Can you explain further? It is unclear to me how we can delete the ns gendisk

>
> The following is kasan report:
>
> BUG: KASAN: use-after-free in bio_endio+0x477/0x500 Read of size 8 at
> addr ffff888106f2e3a8 by task kworker/1:1H/241
>
> CPU: 1 PID: 241 Comm: kworker/1:1H Kdump: loaded Tainted: G O
> 5.10.167 #1
> Hardware name: Red Hat KVM, BIOS 0.5.1 01/01/2011
> Workqueue: kblockd nvme_requeue_work [nvme_core] Call Trace:
> dump_stack+0x92/0xc4
> ? bio_endio+0x477/0x500
> print_address_description.constprop.7+0x1e/0x230
> ? record_print_text.cold.40+0x11/0x11
> ? _raw_spin_trylock_bh+0x120/0x120
> ? blk_throtl_bio+0x225/0x3050
> ? bio_endio+0x477/0x500
> ? bio_endio+0x477/0x500
> kasan_report.cold.9+0x37/0x7c
> ? bio_endio+0x477/0x500
> bio_endio+0x477/0x500
> nvme_ns_head_submit_bio+0x950/0x1130 [nvme_core]
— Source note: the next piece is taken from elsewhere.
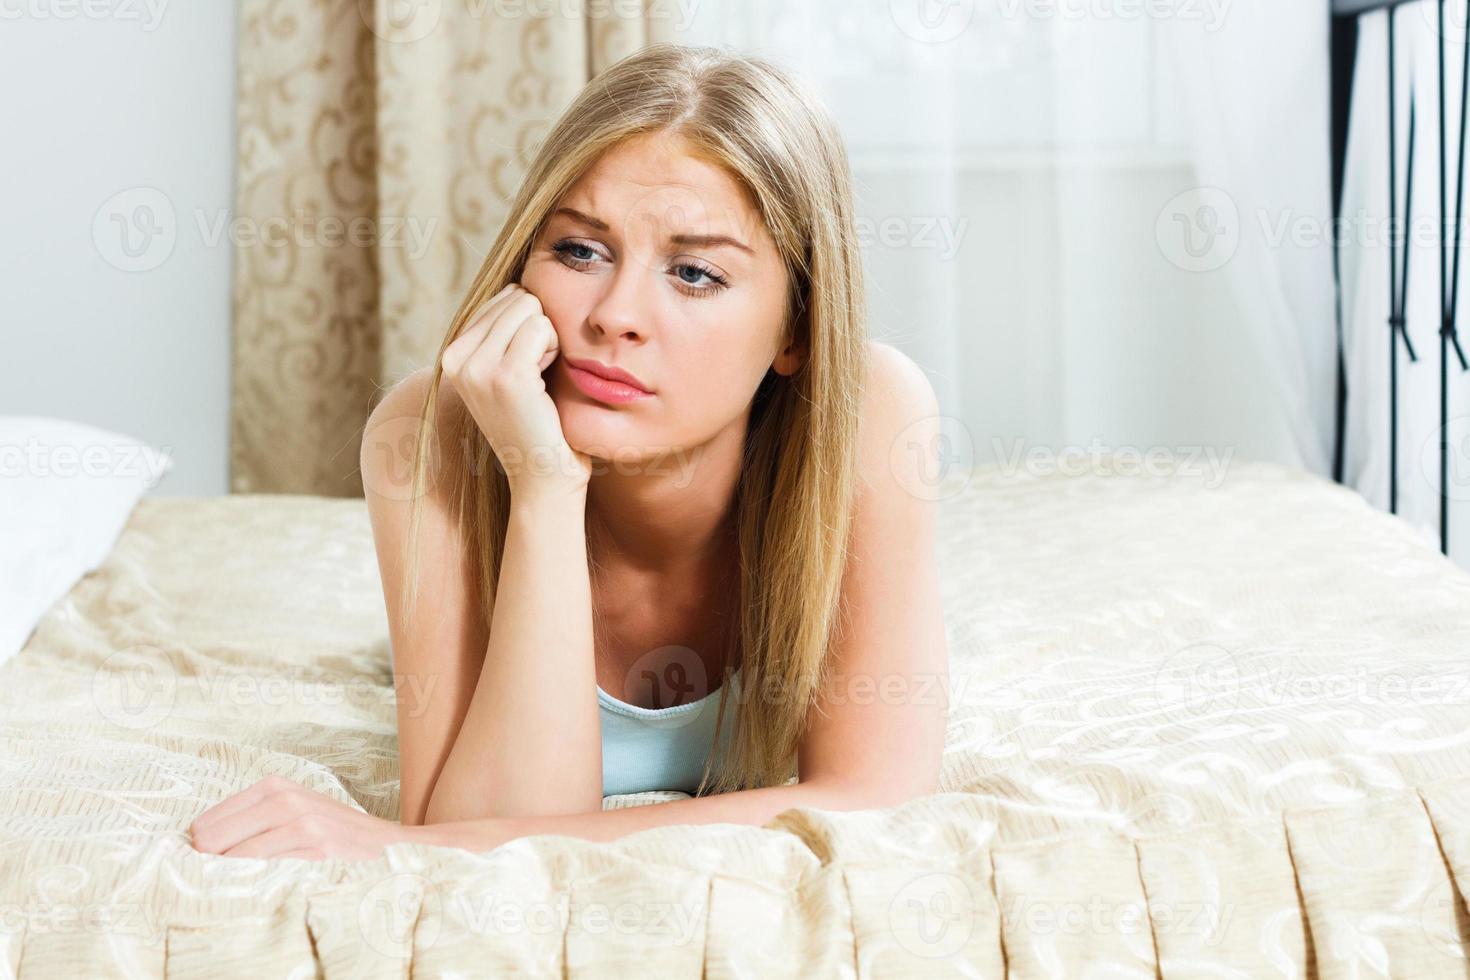 sorglig kvinna foto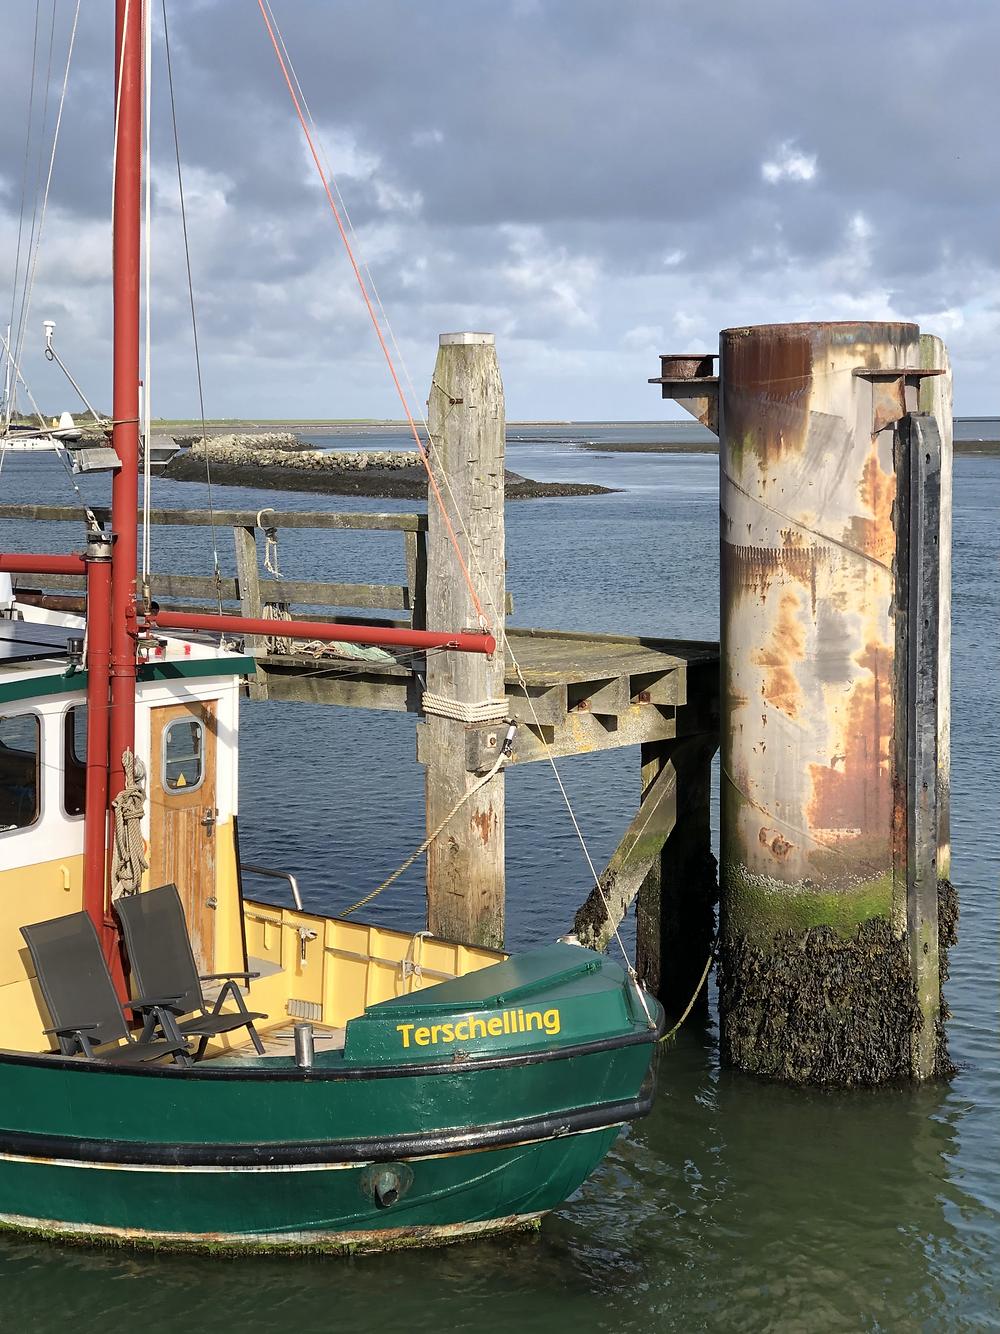 Boat Terschelling

> ? nvme_find_path+0x7f0/0x7f0 [nvme_core]
> ? __kasan_slab_free+0x11a/0x150
> ? bio_endio+0x213/0x500
> submit_bio_noacct+0x2a4/0xd10
> ? _dev_info+0xcd/0xff
> ? _dev_notice+0xff/0xff
> ? blk_queue_enter+0x6c0/0x6c0
> ? _raw_spin_lock_irq+0x81/0xd5
> ? _raw_spin_lock+0xd0/0xd0
> nvme_requeue_work+0x144/0x18c [nvme_core]
> process_one_work+0x878/0x13e0
> worker_thread+0x87/0xf70
> ? __kthread_parkme+0x8f/0x100
> ? process_one_work+0x13e0/0x13e0
> kthread+0x30f/0x3d0
> ? kthread_parkme+0x80/0x80
> ret_from_fork+0x1f/0x30
>
> Allocated by task 52:
> kasan_save_stack+0x19/0x40
> __kasan_kmalloc.constprop.11+0xc8/0xd0
> __alloc_disk_node+0x5c/0x320
> nvme_alloc_ns+0x6e9/0x1520 [nvme_core]
> nvme_validate_or_alloc_ns+0x17c/0x370 [nvme_core]
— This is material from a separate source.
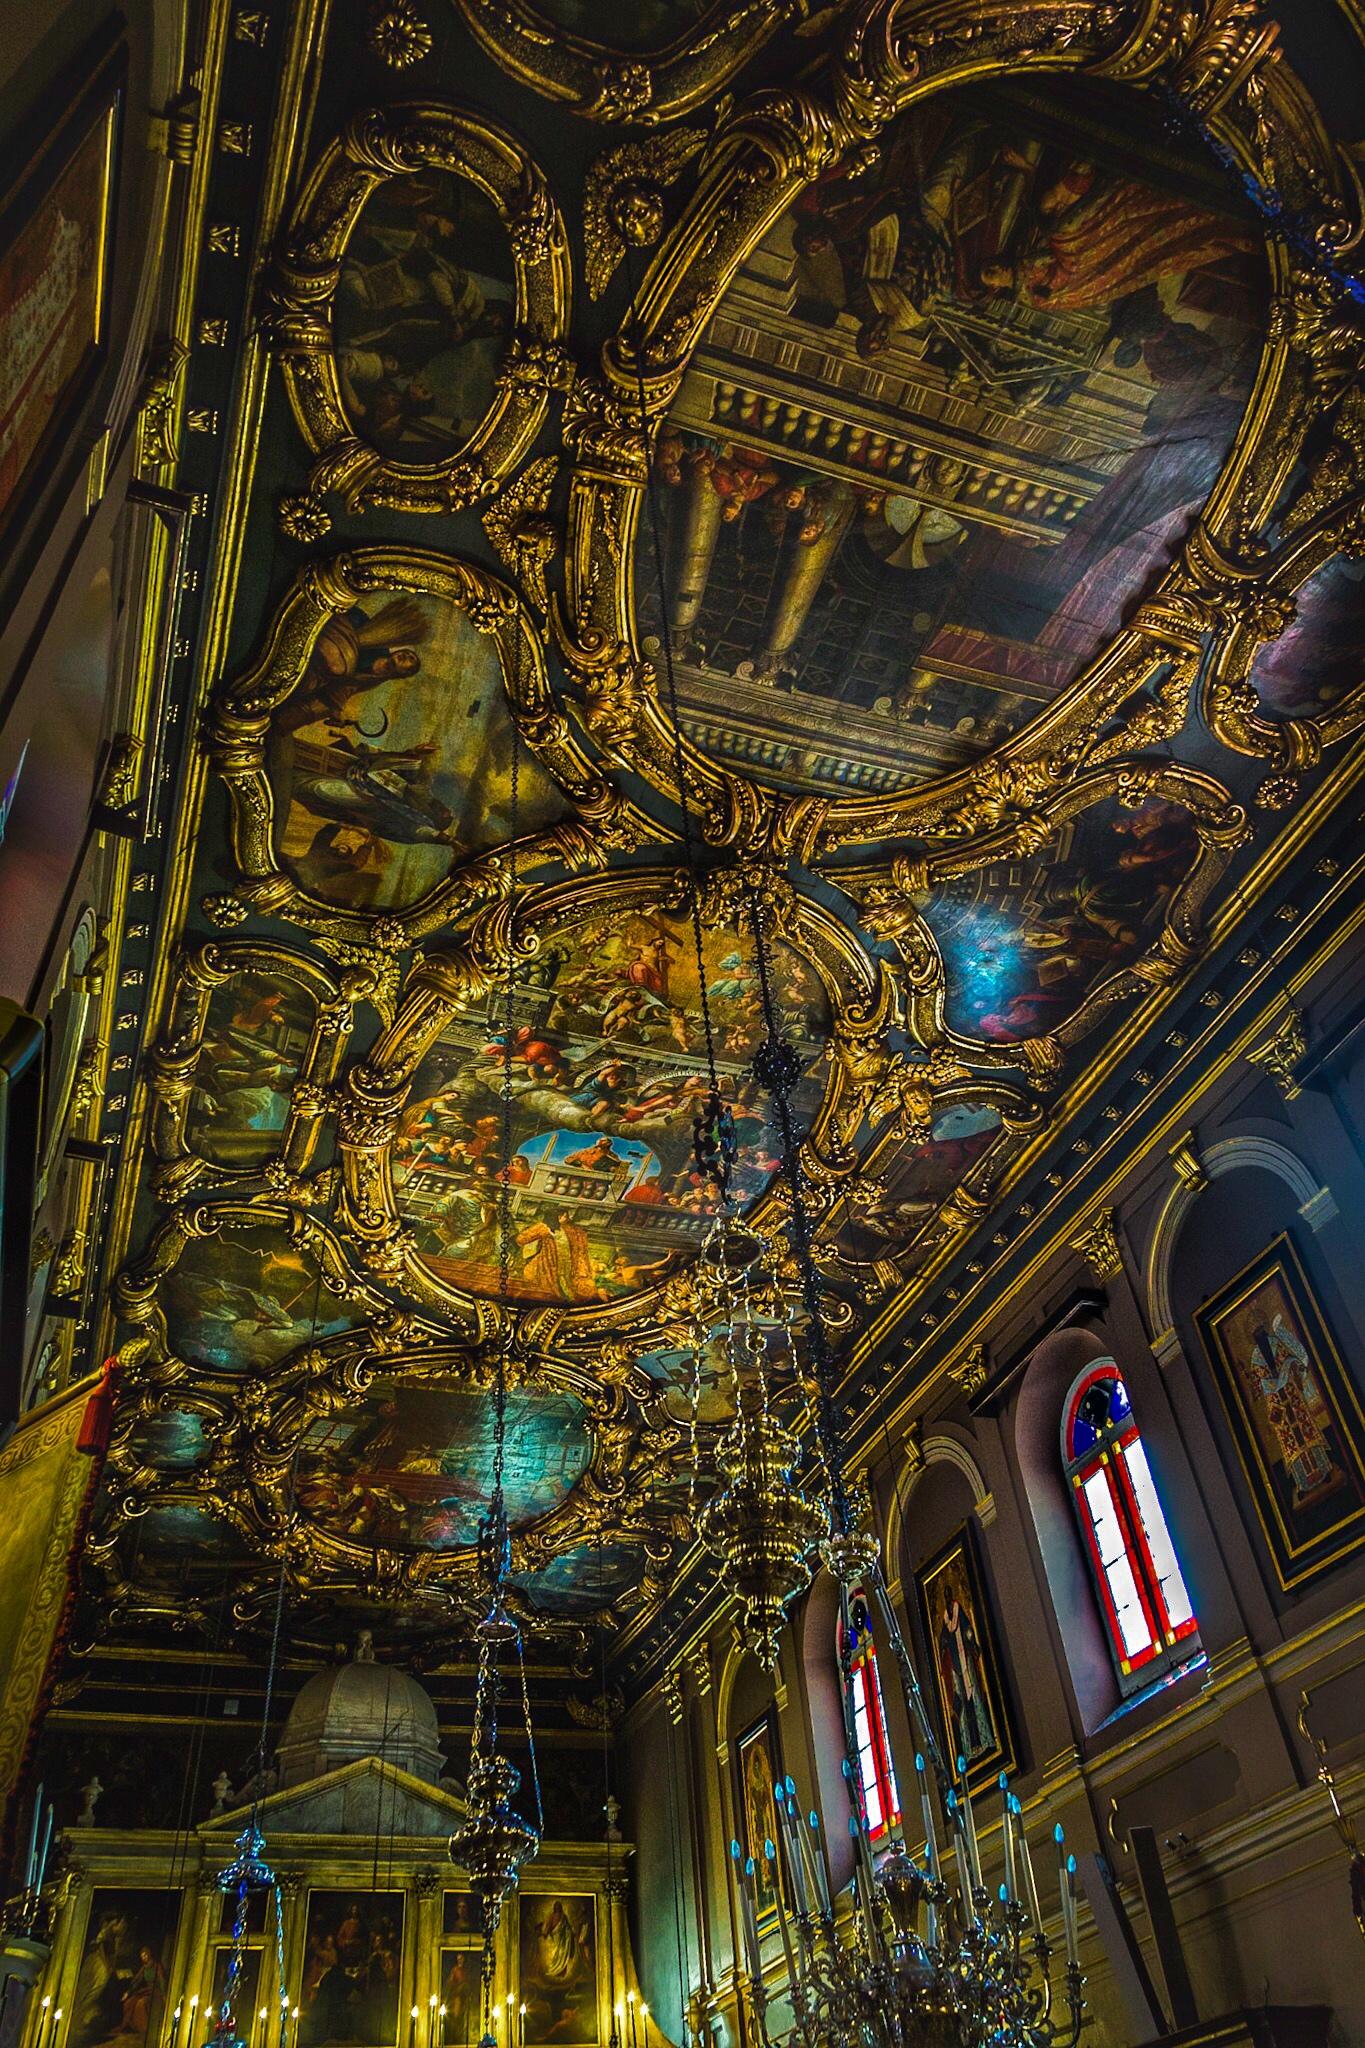 Church ceiling by Rick McEvoy interior photographer

> nvme_scan_work+0x2d4/0x4d0 [nvme_core]
> process_one_work+0x878/0x13e0
> worker_thread+0x87/0xf70
> kthread+0x30f/0x3d0
> ret_from_fork+0x1f/0x30
>
> Freed by task 54:
> kasan_save_stack+0x19/0x40
> kasan_set_track+0x1c/0x30
> kasan_set_free_info+0x1b/0x30
> __kasan_slab_free+0x108/0x150
> kfree+0xa7/0x300
> device_release+0x98/0x210
> kobject_release+0x109/0x3a0
> nvme_free_ns+0x15e/0x1f7 [nvme_core]
> nvme_remove_namespaces+0x22f/0x390 [nvme_core]
> nvme_do_delete_ctrl+0xac/0x106 [nvme_core]
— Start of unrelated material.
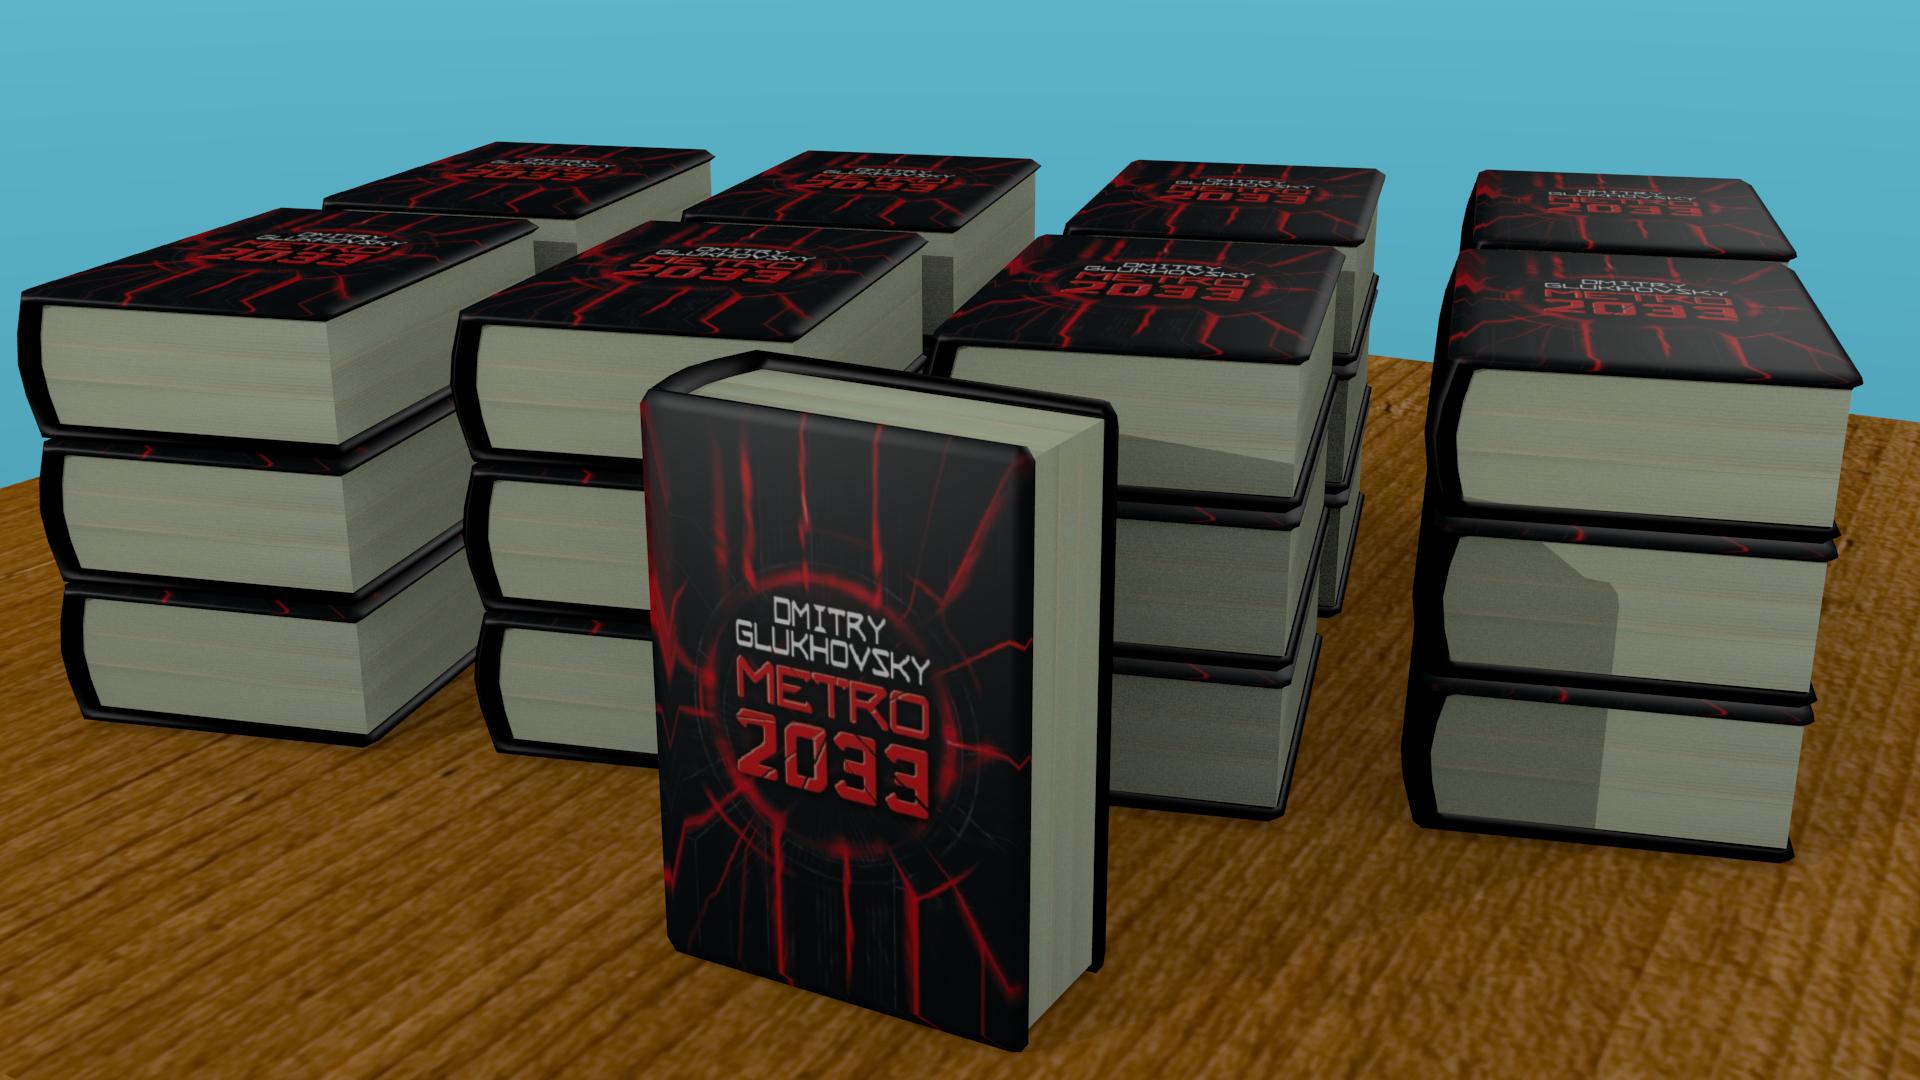 metro 2033 book

> process_one_work+0x878/0x13e0
> worker_thread+0x87/0xf70
> kthread+0x30f/0x3d0
> ret_from_fork+0x1f/0x30
>
> Signed-off-by: Lei Yin <yinlei2@xxxxxxxxxx>
> ---
> drivers/nvme/host/nvme.h | 11 ++++++++++-
> 1 file changed, 10 insertions(+), 1 deletion(-)
>
> diff --git a/drivers/nvme/host/nvme.h b/drivers/nvme/host/nvme.h index
> c3e4d9b6f9c0..b441c5ce4157 100644
> --- a/drivers/nvme/host/nvme.h
> +++ b/drivers/nvme/host/nvme.h
> @@ -749,8 +749,17 @@ static inline void nvme_trace_bio_complete(struct request *req,
> {
> struct nvme_ns *ns = req->q->queuedata;
>
> - if ((req->cmd_flags & REQ_NVME_MPATH) && req->bio)
> + if ((req->cmd_flags & REQ_NVME_MPATH) && req->bio) {
> trace_block_bio_complete(ns->head->disk->queue, req->bio);
> +
> + /* Point bio->bi_disk to head disk.
> + * This bio maybe as other bio's parent in bio chain. If this bi_disk
> + * is kfreed by nvme_free_ns, other bio may get this bio by __bio_chain_endio
> + * in bio_endio, and access this bi_disk. This will trigger heap-use-after-free
> + * or null pointer oops.
> + */
> + req->bio->bi_disk = ns->head->disk;
> + }

This is absolutely the wrong place to do this. This is a tracing function, it should not have any other logic.

What tree is this against anyways? There is no bi_disk in struct bio anymore.